But the win-loss record still goes next a pitcher’s name and it’s something he carries with him, no matter if he understands the measure. Almost every pitcher knows their exact win-loss record for their career and that season. Well, except for maybe Marco Gonzales.

But he’ll probably remember it after Wednesday night since he now has more wins next to his name than any other pitcher on the Mariners’ pitching staff after Seattle’s 3-0 win over the Angels at Angel Stadium.

Thursday

Mariners @ L.A. Angels, 7:07 p.m., ROOT Sports

Mariners: Stats | Scores | Standings

Gonzales delivered another brilliant outing, pitching seven shutout innings and allowing just two hits with no walks and four strikeouts to improve to 10-5 on the season.

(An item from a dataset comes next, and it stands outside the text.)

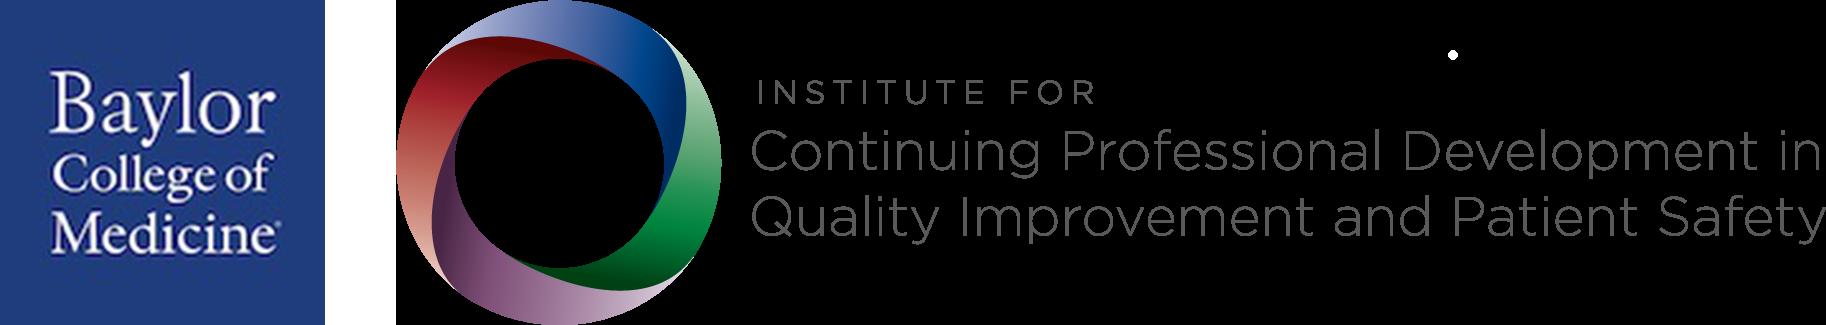 Baylor College of Medicine Logo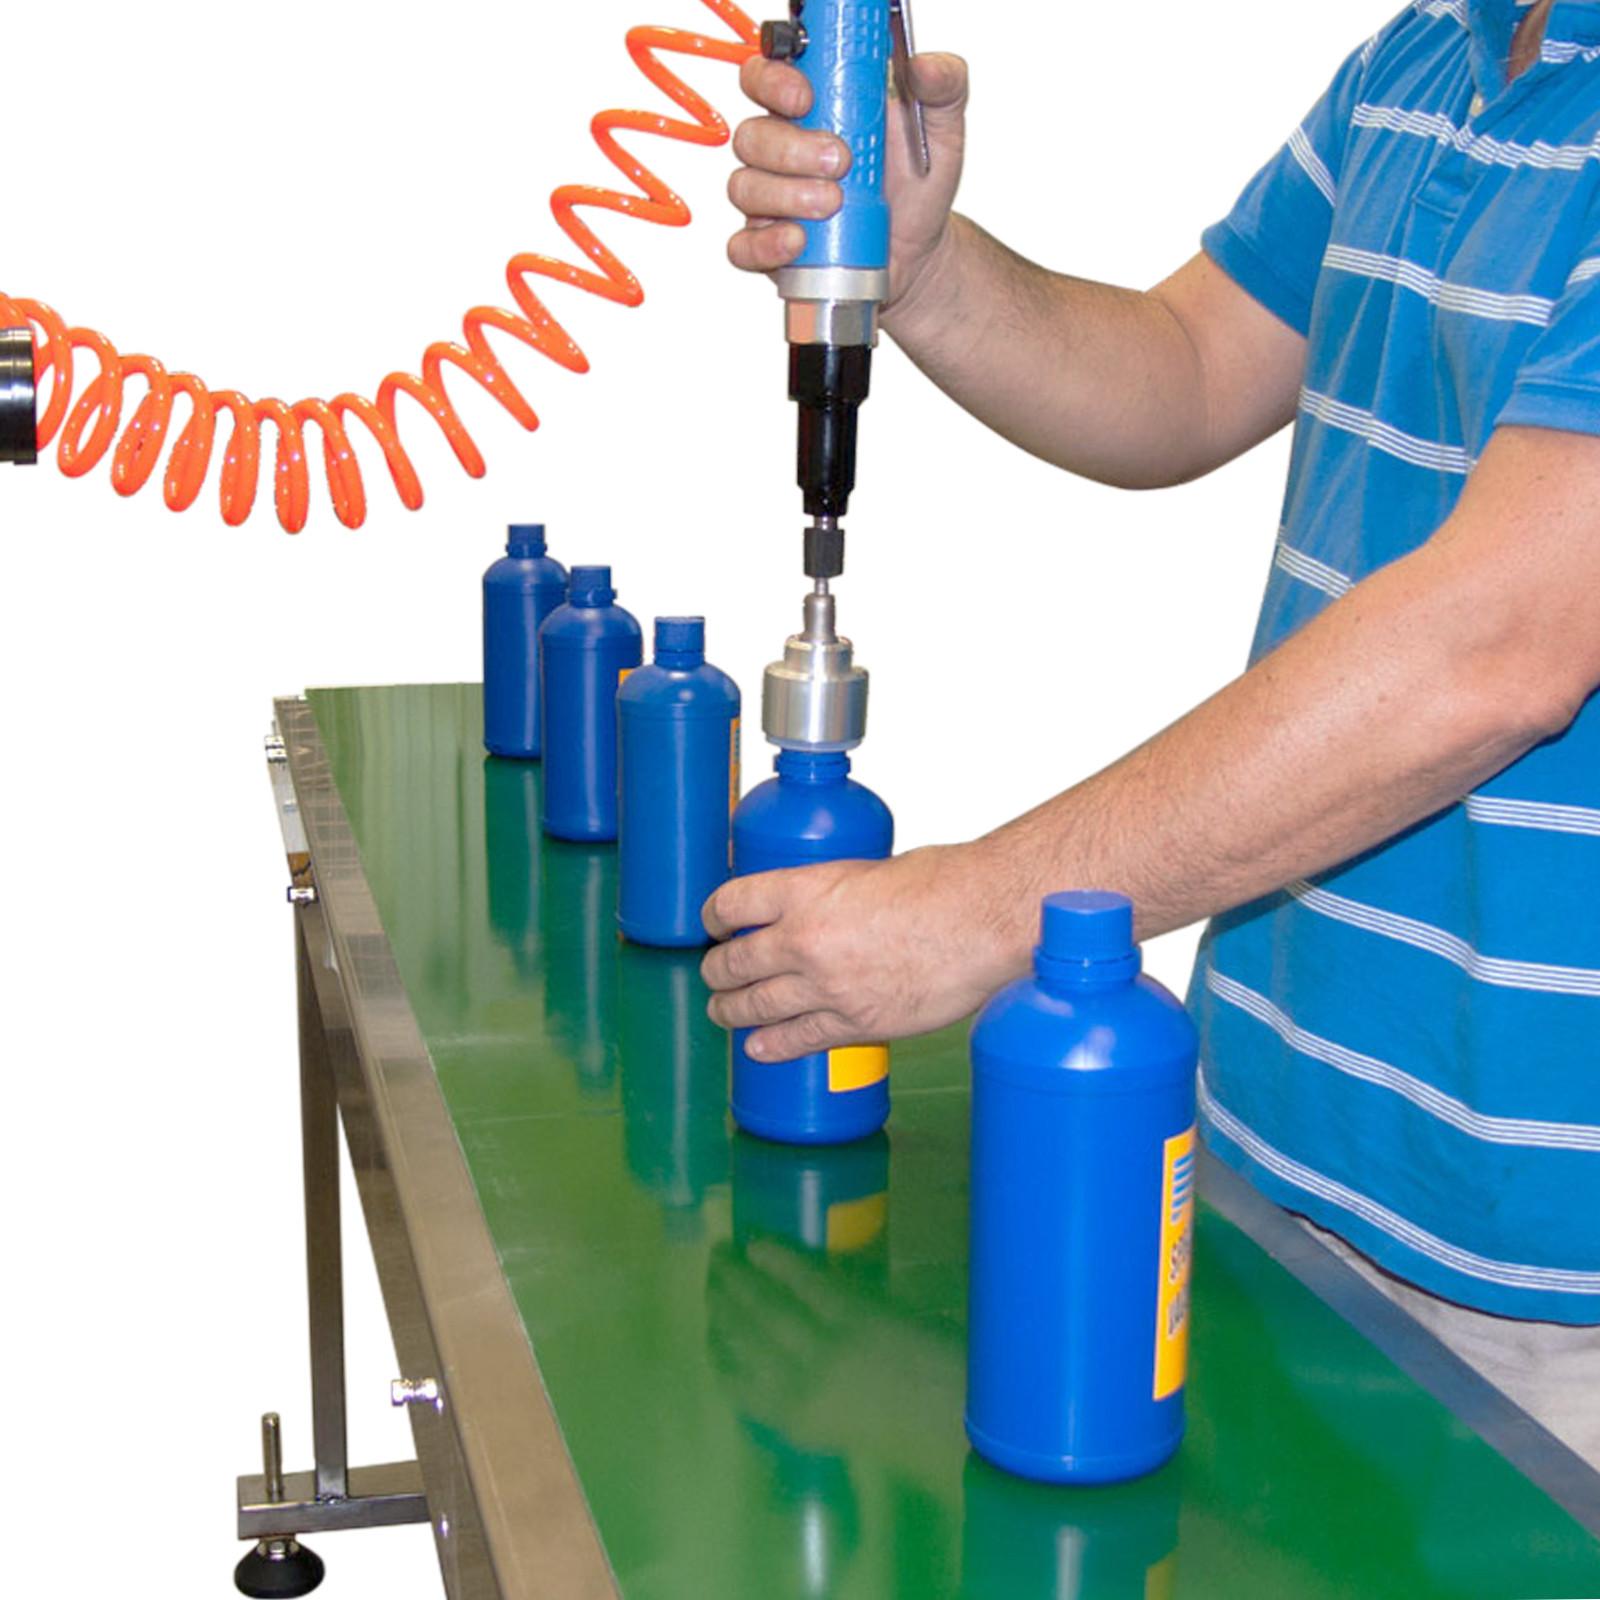 Máquina tapadora manual de botellas neumática - Modelo - CAPPER-MANUAL

“Heck of a job by Marco Gonzales,” manager Scott Servais said. “It was exactly what we needed tonight. Awesome, awesome job.”

Gonzales is the 10th pitcher in Mariners team history to notch 10 wins before the All-Star break.

So what do those wins mean to him?

“I didn’t even know, honestly,” he said with a surprised look on his face. “That’s great though. A lot of credit has to go to the team. They’ve scored runs at the right time and tonight they played unbelievable defense.”

Even the biggest baseball optimist probably wasn’t expecting this from the young lefty coming into the 2018 season. And it’s a major reason why the Mariners are tracking toward their first postseason berth since 2001.

“He’s been huge,” Servais said. “Coming into spring training, he made some adjustments and he’s just been healthy and feeling like he’s ready to go from the get-go. He has not backed off. His work in between starts is impeccable. He’s really disciplined. A lot of times, young players they’ll get on a roll and say, ‘OK, I have this figured out.’ Marco has not done that. He’s not backed off the pedal at all. That’s why he’s going to have a lot left in the tank in the second half.”

Over his past three starts, Gonzales is 3-0, throwing a total of 22 innings and allowing just two runs on 14 hits with two walks and 18 strikeouts. It included beating the Angels in back-to-back outings, allowing one run on seven hits in a combined 14 innings.

“The last one was a good learning experience,” he said of the first outing vs. the Angels. “I didn’t have very sharp command and I wasn’t throwing my best pitches for strikes. Tonight, I was just trying to focus on getting ahead and staying aggressive. We play these guys so much, there really are no secrets. With this lineup, you have to get ahead of them, they are so dangerous.”

Gonzales retired the first 10 batters he faced before allowing his first base runner, which came on a hard ground ball off the bat of Andrelton Simmons that smacked him in the back of the left calf.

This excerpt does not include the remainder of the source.